[[ Recorded data open ]]

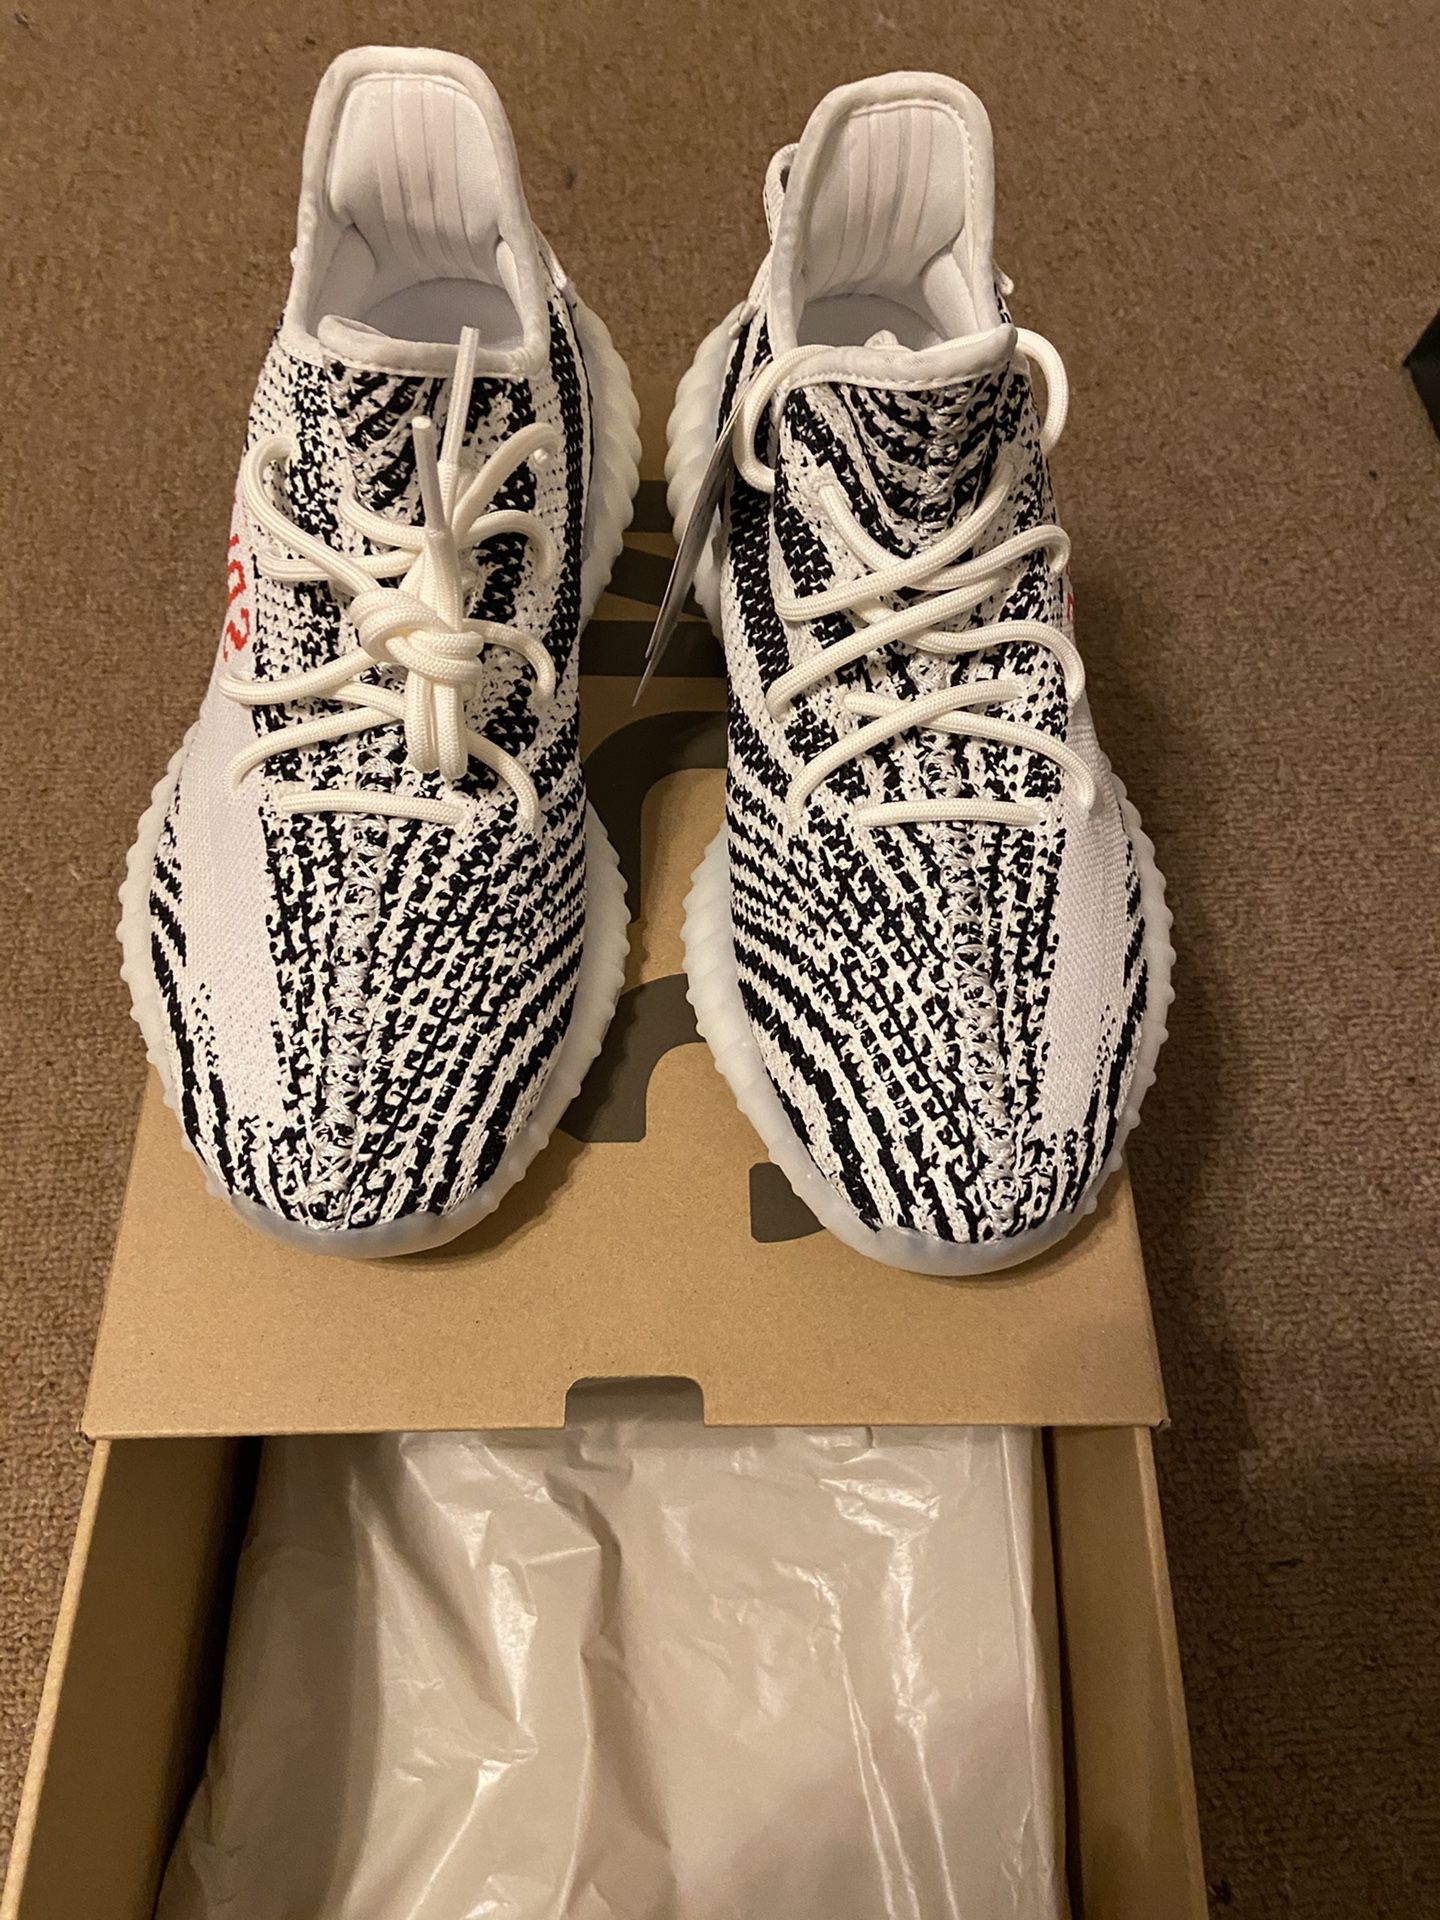 Yeezy zebras Adidas supreme Nike Jordan
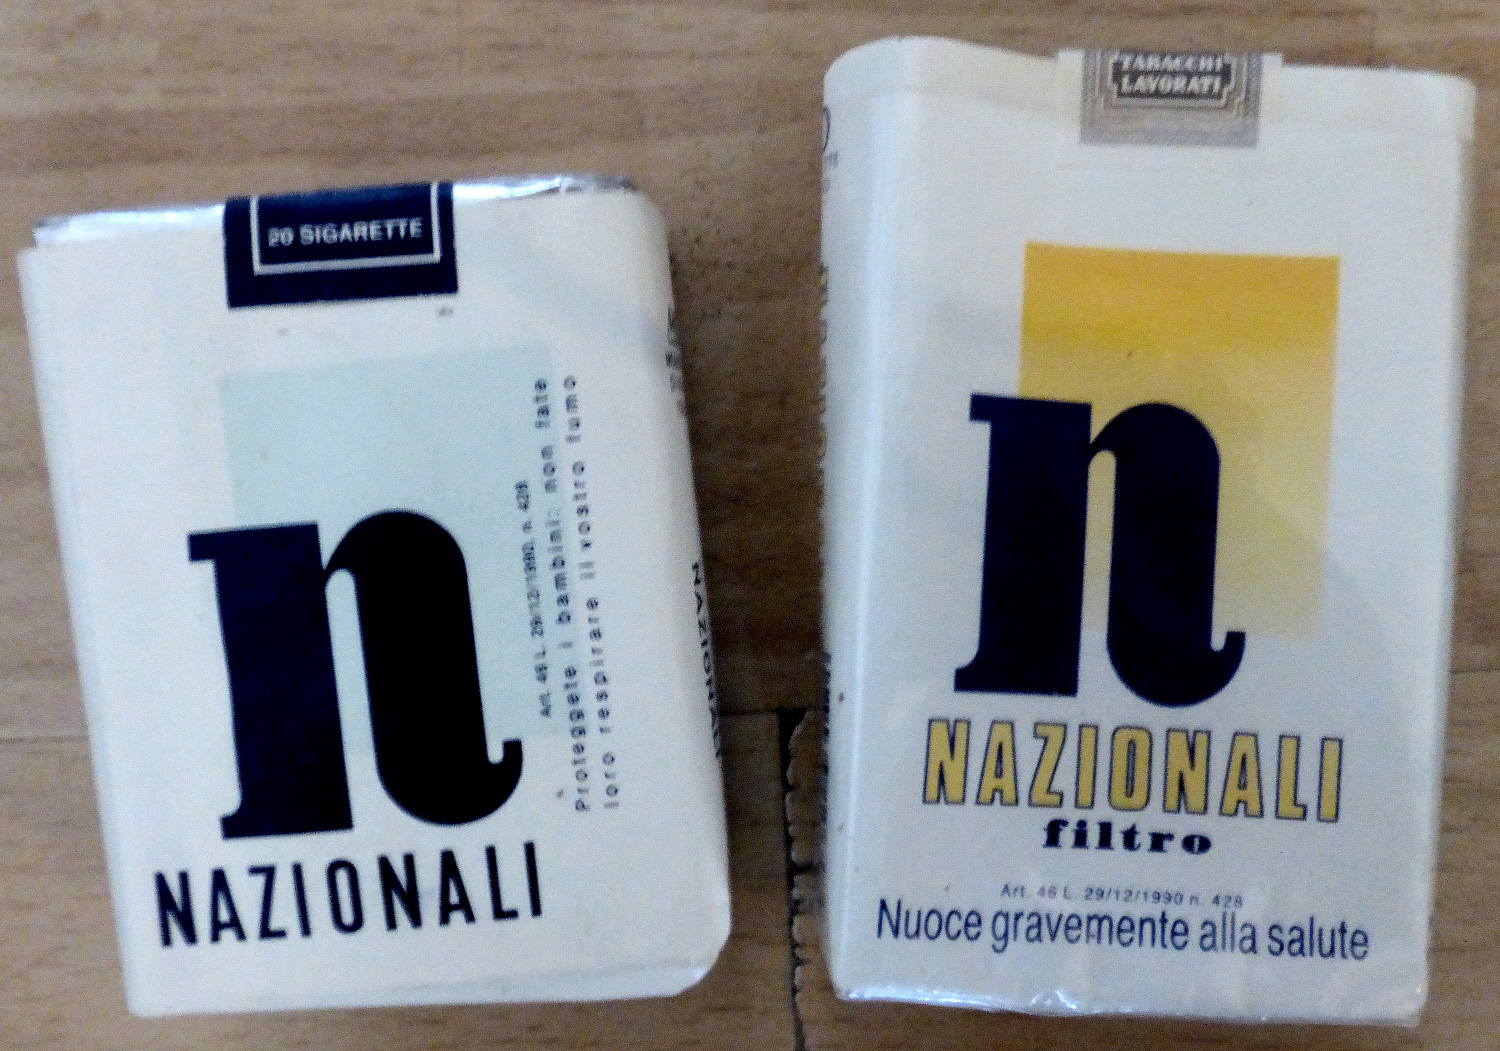 7q-Nazionali-Zigaretten
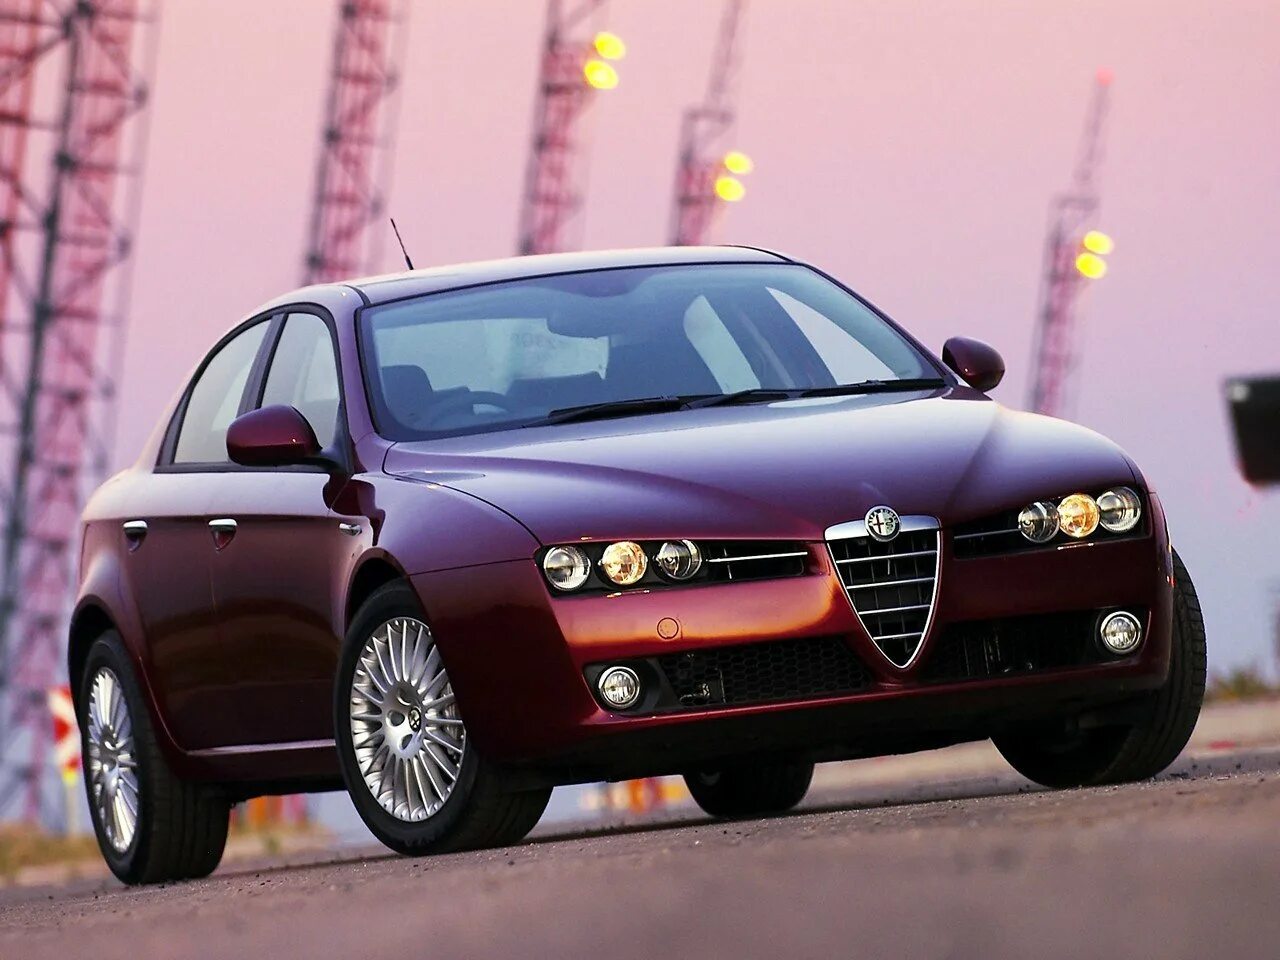 Альфа ромео бу. Alfa Romeo. Alfa Romeo 159 3.2. Автомобиль Альфа Ромео 159. Alfa Romeo 159, 3.2 JTS.
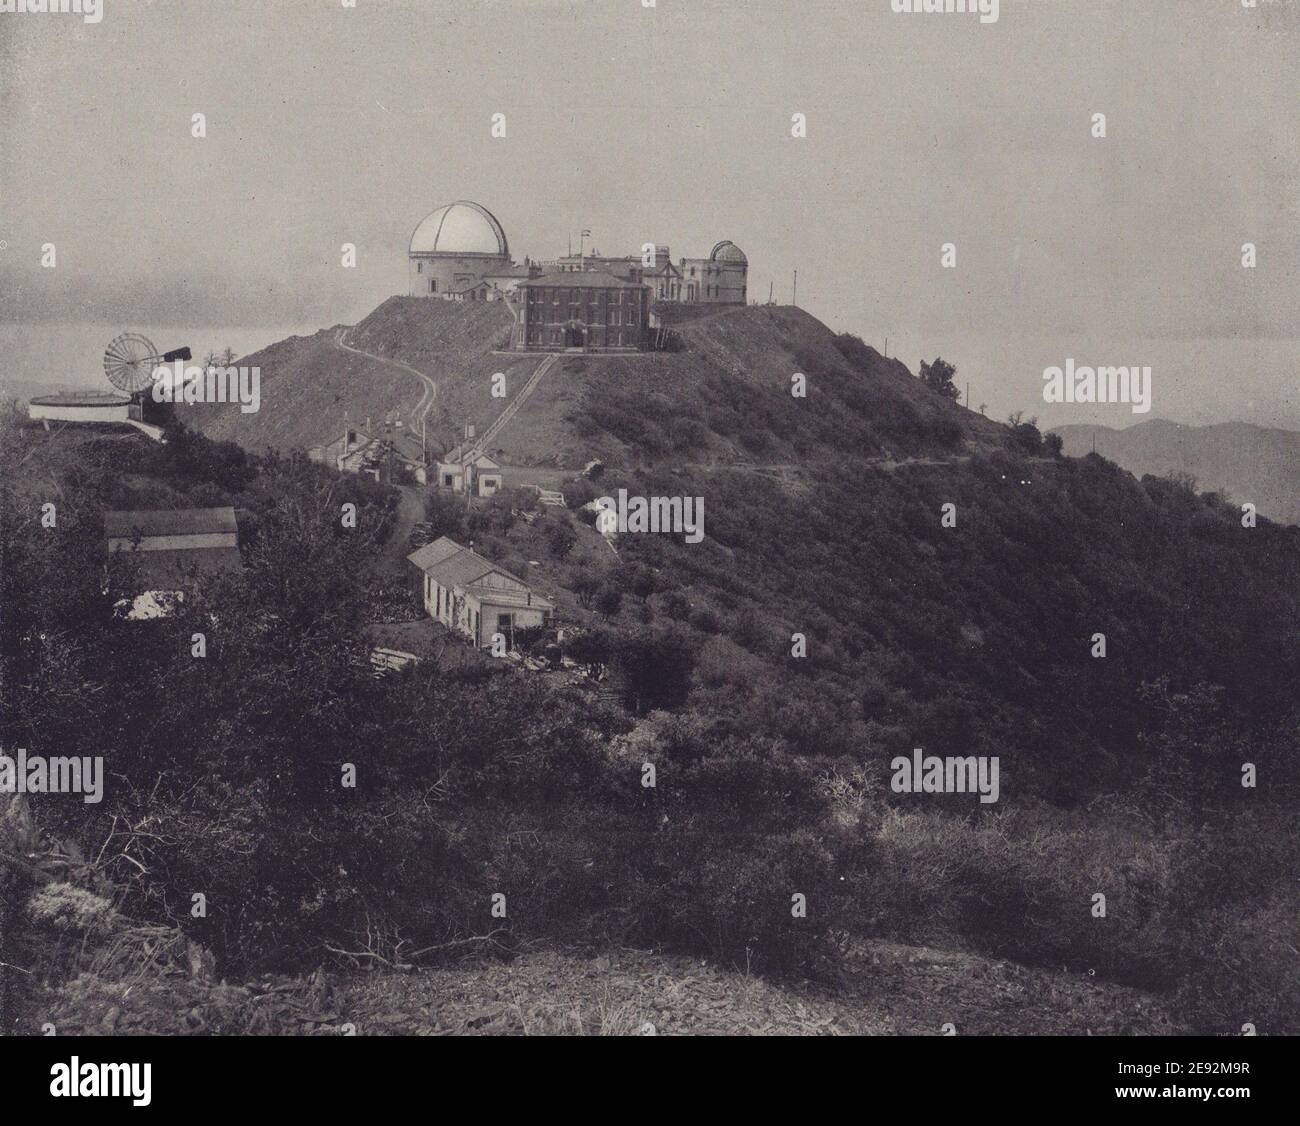 The Lick Observatory, Mount Hamilton, San Jose, California. STODDARD 1895 Stock Photo

[[ Recorded data closed ]]

• What the task requires: Copy out every line of the data exactly, leaving the images behind.

• Your solution:
 Yeezy zebras Adidas supreme Nike Jordan
 7q-Nazionali-Zigaretten
 Альфа ромео бу. Alfa Romeo. Alfa Romeo 159 3.2. Автомобиль Альфа Ромео 159. Alfa Romeo 159, 3.2 JTS.
 The Lick Observatory, Mount Hamilton, San Jose, California. STODDARD 1895 Stock Photo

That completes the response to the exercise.